Son yirmi beş yılda kahvenin etkileri hakkında o kadar çok çalışma yapıldı ki, birçok insan gerçek sonuçlar konusunda kafasını karıştırdı.
Birkaç on yıldır, kahve içmenin sağlıksız olduğu söylendi ve şimdi daha yeni araştırmalar bize bunun doğru olmadığını söylüyor. Dünyada günde 400 milyon fincandan fazla kahve tüketiliyor yani elbette bu önemli bir konu.
Ana sorun kahvede bulunan kafeindir. Kafein hafif bir uyarıcıdır ve bu nedenle kan basıncını yükseltir ve kalp atış hızını artırabilir. Bu daha önceki araştırmacıları ilgilendiriyordu; günümüzde araştırmacılar, etkinin ihmal edilebilecek kadar hafif ve kısa ömürlü olduğunu düşünüyor.
Aslında kahve tüketiminin faydalarını duyuyoruz aslında. Hatta bazı araştırmalar, kahve tüketiminin kolon kanseri vakalarını azalttığını, ancak o kadar yüksek seviyelerde olduğunu göstermiştir ki kahvenin olumsuz etkileri bir kez daha sorun olabilir. Ancak orta düzeyde kahve içmek aslında bizim için iyi olabilir. Bizi tetikte tutmaya yardımcı olduğunu biliyoruz. Şarabın, kan sisteminden serbest radikalleri ortadan kaldırarak kalp hastalıklarını ve bazı kanserleri önlemeye yardımcı olan bazı antioksidanlar içerdiği keşfedildi. Aynı şey kahve için de geçerli olabilir. Araştırmalar, kahvede bulunan antioksidan konsantrasyonunun kızılcık, elma veya domatesten daha fazla olduğunu göstermiştir. Elbette bu diğer meyve ve sebzeler de bize vitaminler, mineraller ve lif gibi birçok fayda sağlıyor.
Çin çalışmaları, kahve tüketiminin Parkinson hastalığının etkilerini azalttığını göstermiştir. Hem Amerika hem de Scandanavia’daki bazı araştırmalar, kahvenin tip-2 diyabet riskini azaltabileceğini gösteriyor. Ve kahvenin böbrek taşı ve safra taşı oluşumunu azaltabileceğine dair artan kanıtlar var. Kafein, sindirime yardımcı olarak mide asidi üretimini uyardığı için degistif sistemde faydalar kaydedilmiştir. Ölçülü olarak, kahve tüketiminin astım hastalarında hava yollarının daralmasını azalttığı gösterilmiştir. Kahvede bulunan teofilin adı verilen bir bronkodilatör bu etkiye yardımcı olur.
Ancak elbette her zaman olumsuzluklar vardır. Fazla kahve tüketimi kısırlık veya doğurganlığın azalmasıyla ilişkilendirilmiştir. Daha yüksek homosistein ve LDL kolesterol seviyeleri kahve içimi ile ilişkilendirilmiştir; bunların her ikisi de koronori kalp hastalığında faktörlerdir. Kahve, kan kolesterolünü yükselten kafestol içerdiğinden, kalp hastalığı tartışmalarında suçlanmasının ana nedenlerinden biri budur. Bununla birlikte, kahve yapmanın Avrupa yöntemi, yani öğütülmüş çekirdekleri kaynatmak, cafestol’un asıl suçlusu; Amerikan kahveyi süzme veya süzme yöntemi onu ortadan kaldırır.

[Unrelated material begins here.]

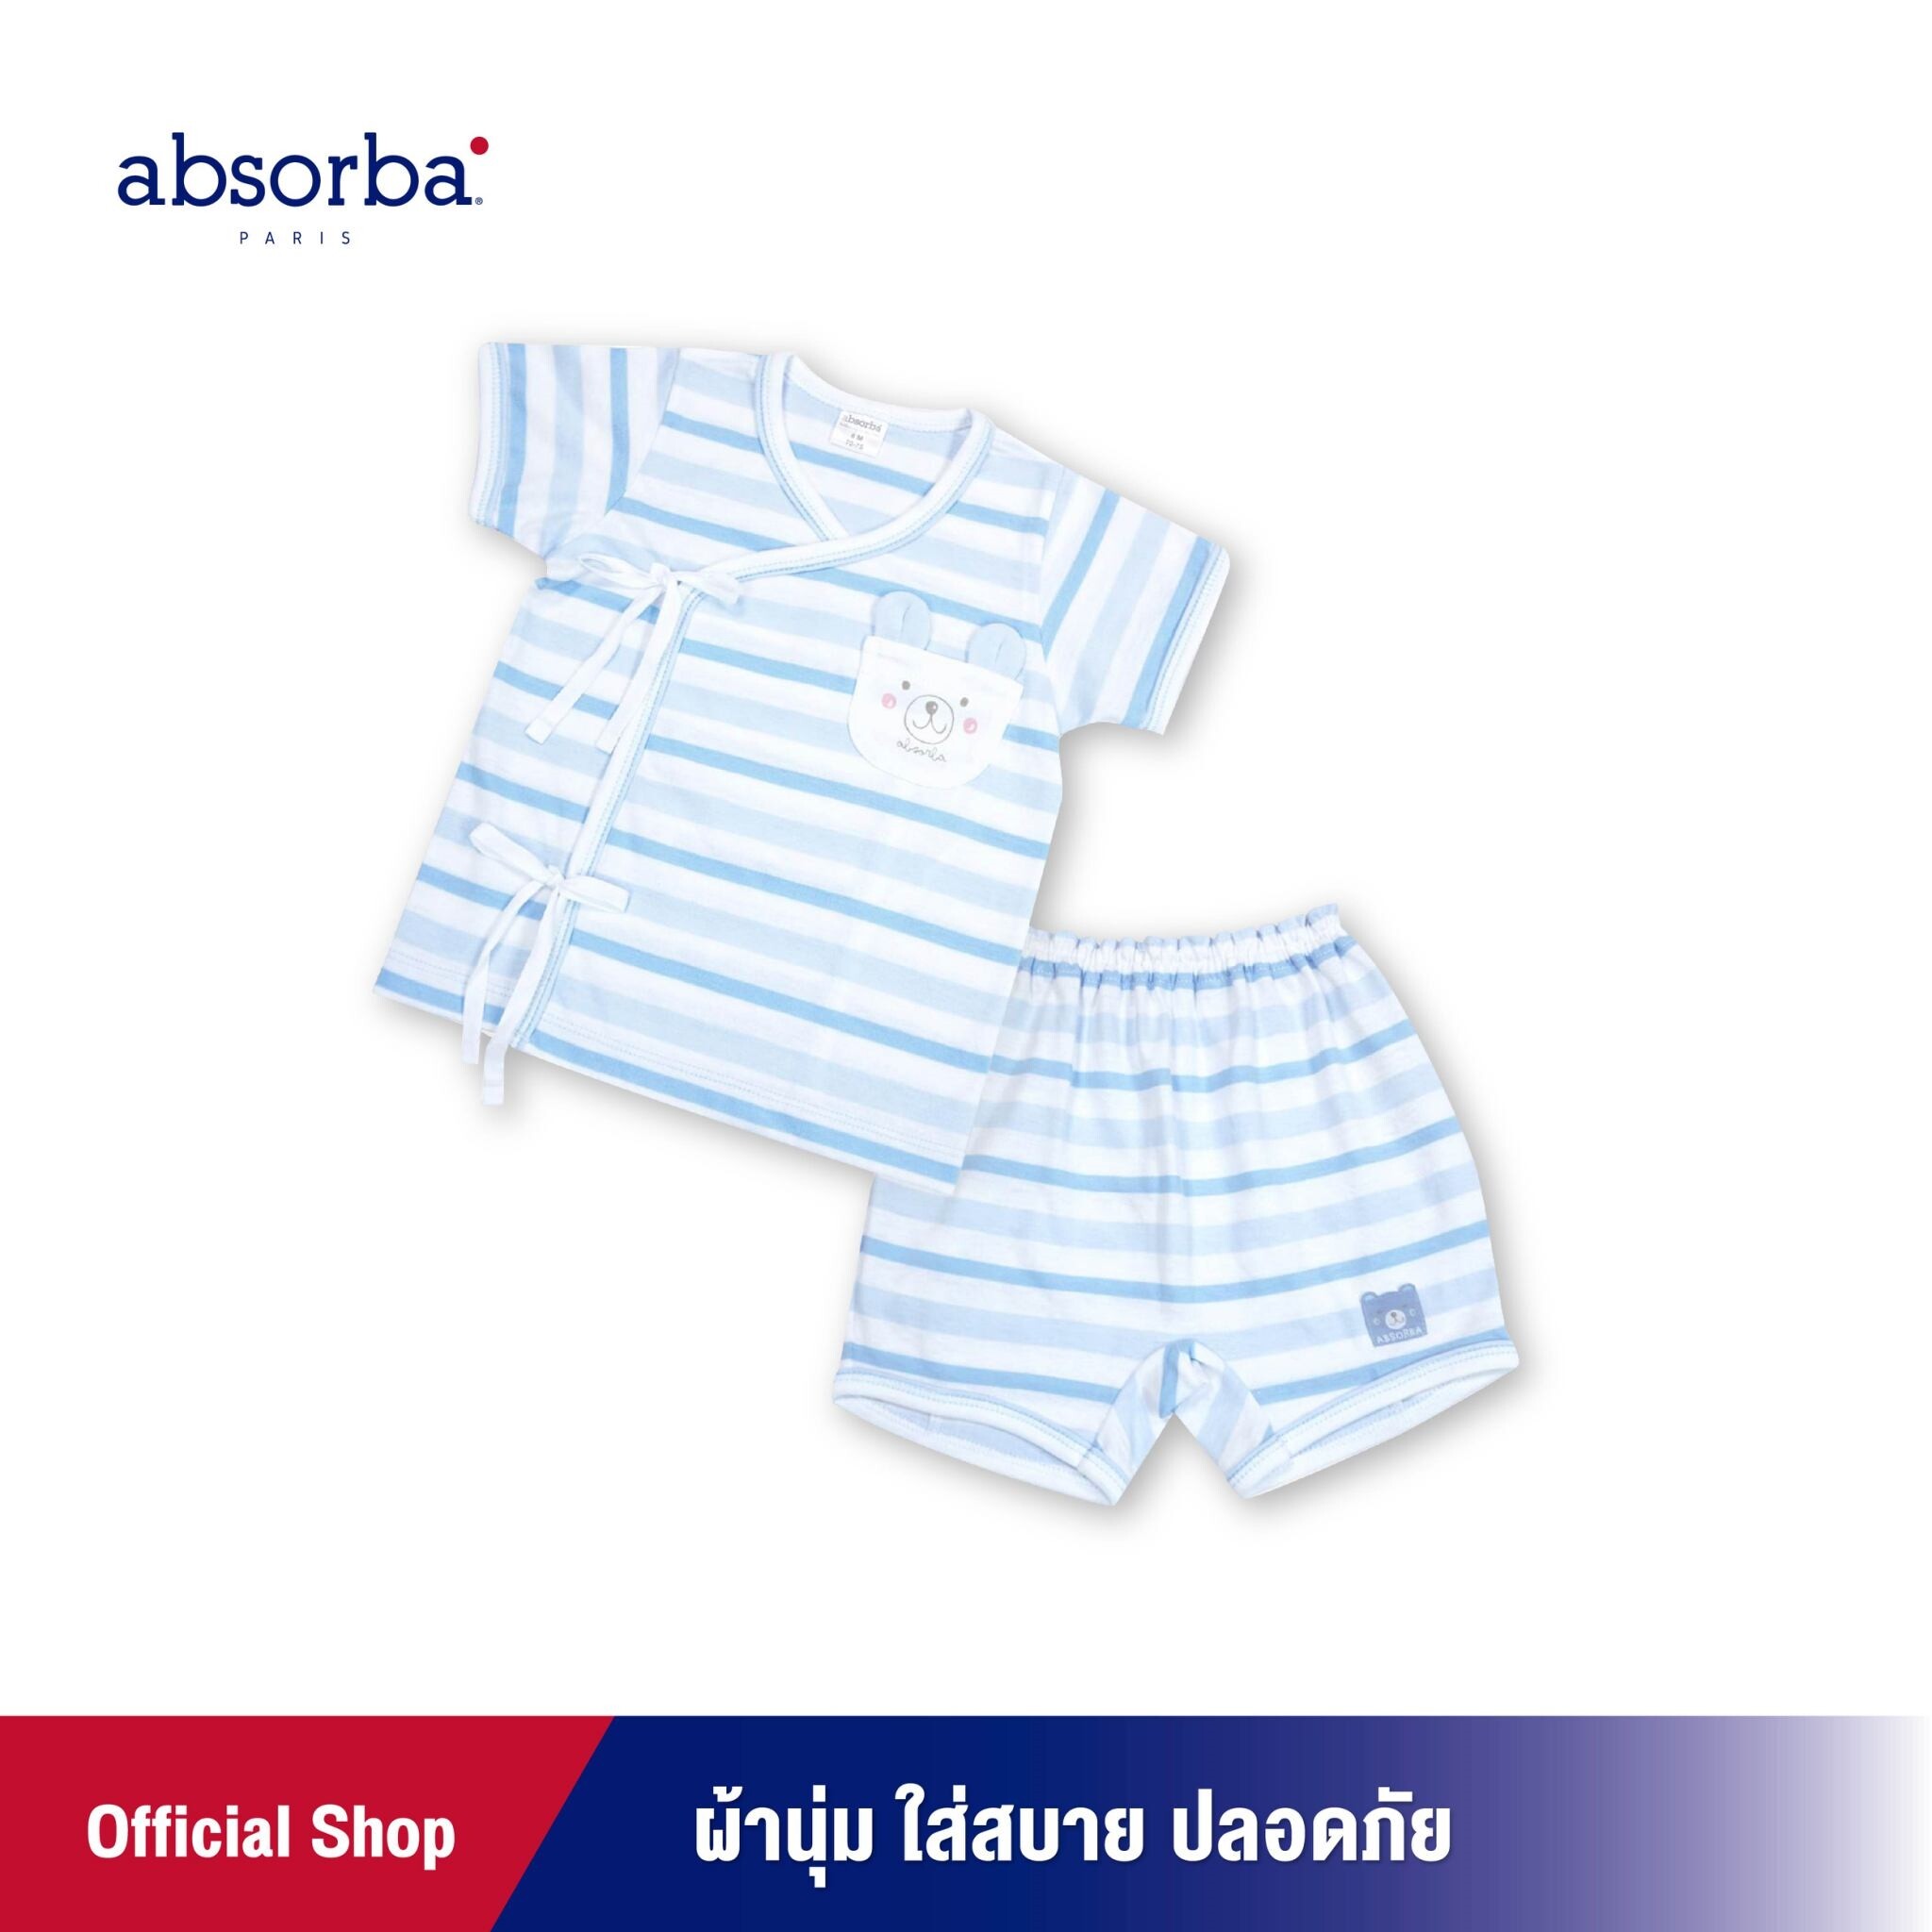 ราคา absorba (แอ๊บซอร์บา) ชุดเสื้อป้ายเด็กแขนสั้น หรือชุดผูกหน้าเด็กแขนสั้น ลายริ้วสีฟ้า สำหรับเด็กแรกเกิด ถึง 12 เดือน - R1R2002BU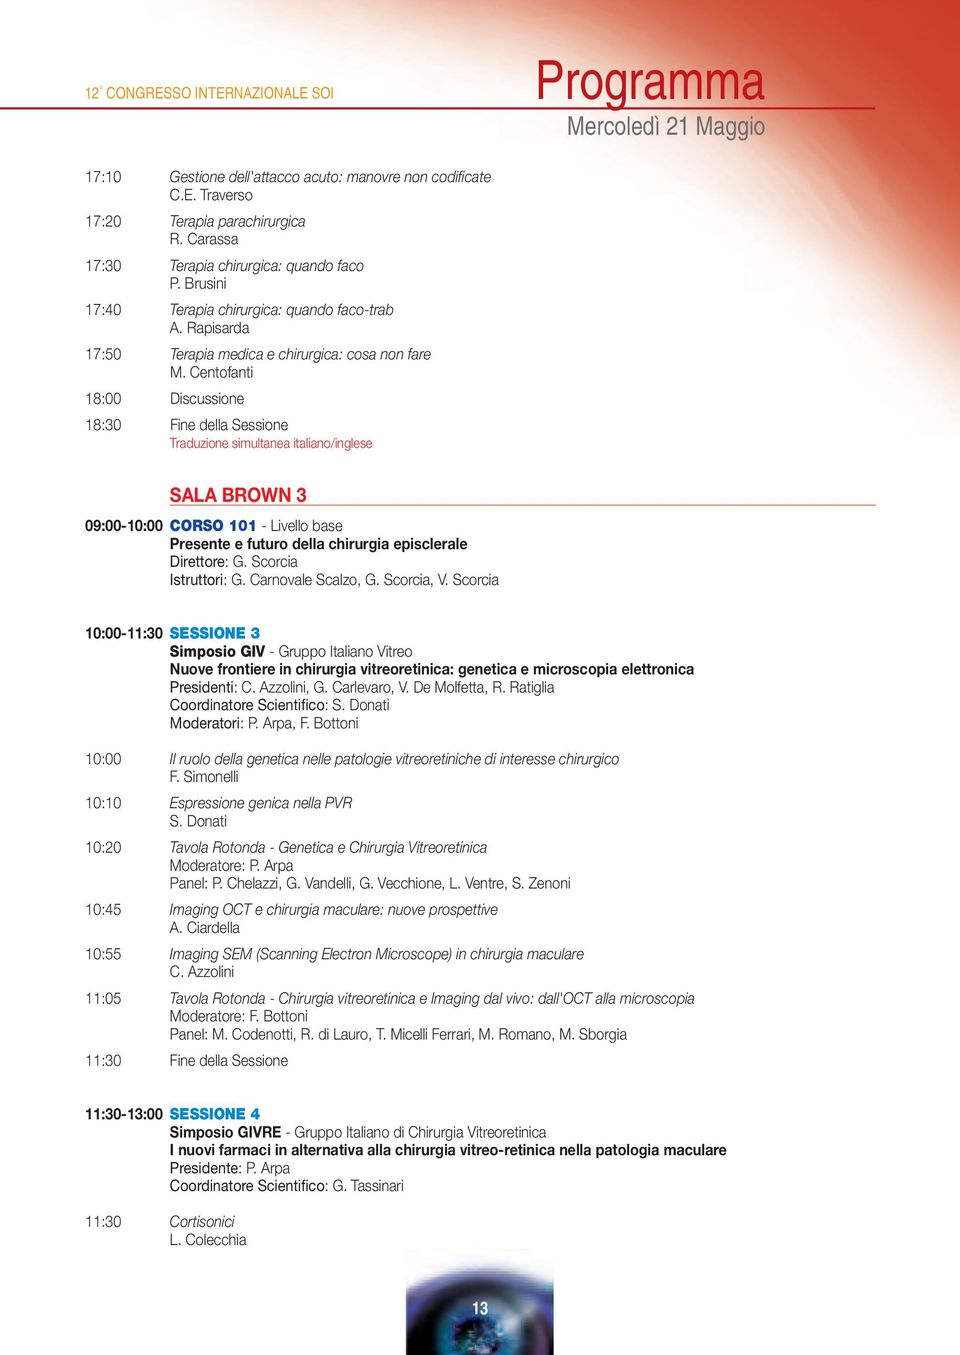 Centofanti 18:00 Discussione 18:30 Fine della Sessione Traduzione simultanea italiano/inglese SALA BROWN 3 09:00-10:00 CORSO 101 - Livello base Presente e futuro della chirurgia episclerale

Kahve içme konusunda gündeme getirilen bir diğer konu da kahvenin kadınlar arasında kemik yoğunluğu kaybına neden olmasıdır. Ayrıca günde dört veya daha fazla fincan kahve içen kadınlar idrar kaçırma eğilimindedir.
Alt çizgi? Her zamanki gibi ölçülü. Kahve orta derecede içilirse kahve içmenin birçok faydası vardır ve riskler önlenir. Bir fincan kahve makinesi alın ve günde bir iyi fincanın tadını çıkarın ya da kahve otomatından sonsuz bardak yerine cappucinno’nuzu savurun.